OVERVIEW OF LITERATURE
Although reports of the incidence of and risk factors for POH in different spinal disorders have recently been published, we are not aware of the comprehensive evaluation of POH following surgery for ASD.
METHODS
We examined medical records from a single central database for 65 patients receiving surgical treatment for ASD. Statistical comparisons were made between patients who experienced postoperative POH and those who did not, by examining patient and operative characteristics, such as age, sex, comorbidities, functional status, preoperative neurological function, vertebral fractures, three-column osteotomy, total operative time, estimated blood loss, length of stay, and radiographic parameters. The determinants of POH were assessed using multiple logistic regression.
RESULTS
We showed that postoperative POH was a complication of ASD surgery, with a 9% incidence rate. Patients with POH were statistically considerably more likely to require supported walkers due to partial paralysis and to have comorbidities including diabetes and neurodegenerative disease (ND).

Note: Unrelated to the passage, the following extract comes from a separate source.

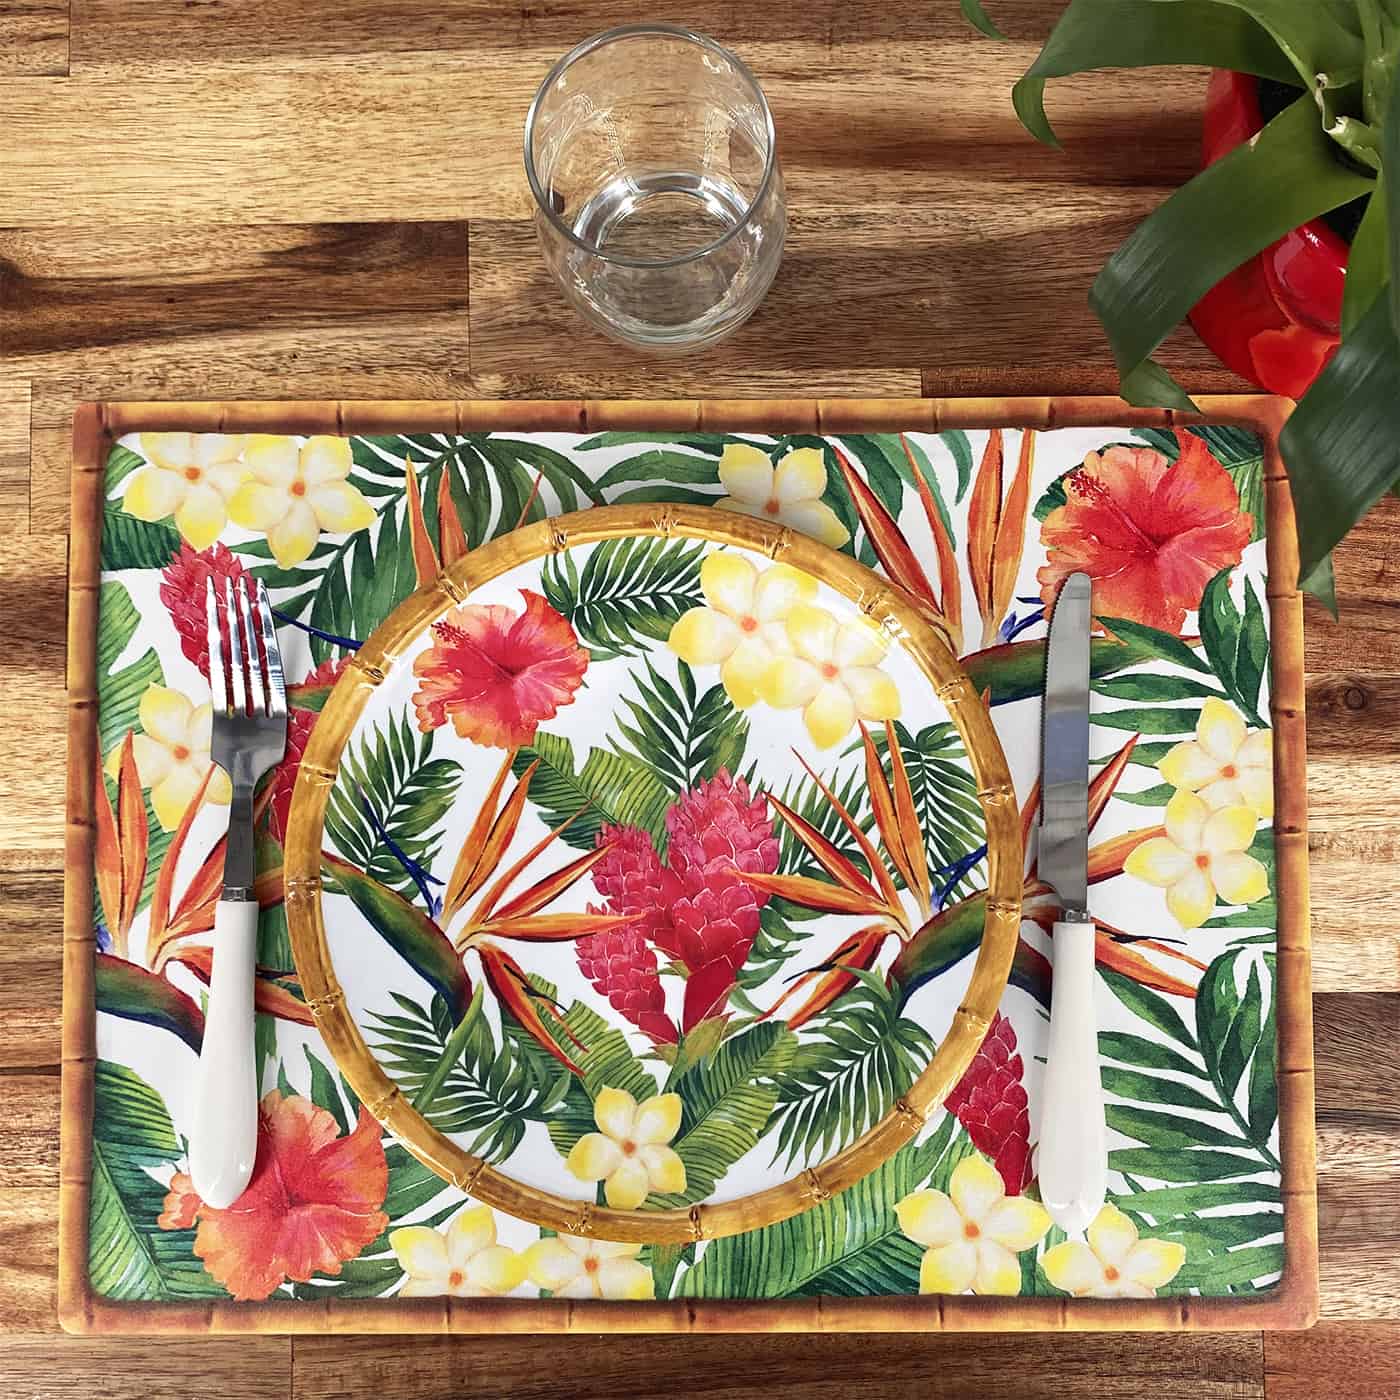 Placemat (40 x 30 cm) set of 6 - Exotic Flowers theme

Furthermore, ND was an independent risk factor for postoperative POH (odds ratio, 4.073; 95% confidence interval, 1.094-8.362; p =0.020). Moreover, perioperative evaluation of the inferior vena cava showed that patients with postoperative POH had preoperative congestive heart failure and had hypovolemia lower postoperative diameter of the inferior vena cava than patients without POH.
CONCLUSIONS
Postoperative POH is a potential complication of ASD surgery. The most pertinent risk factor is having an ND. According to our study, patients who have surgery for ASD may experience alterations in their hemodynamics.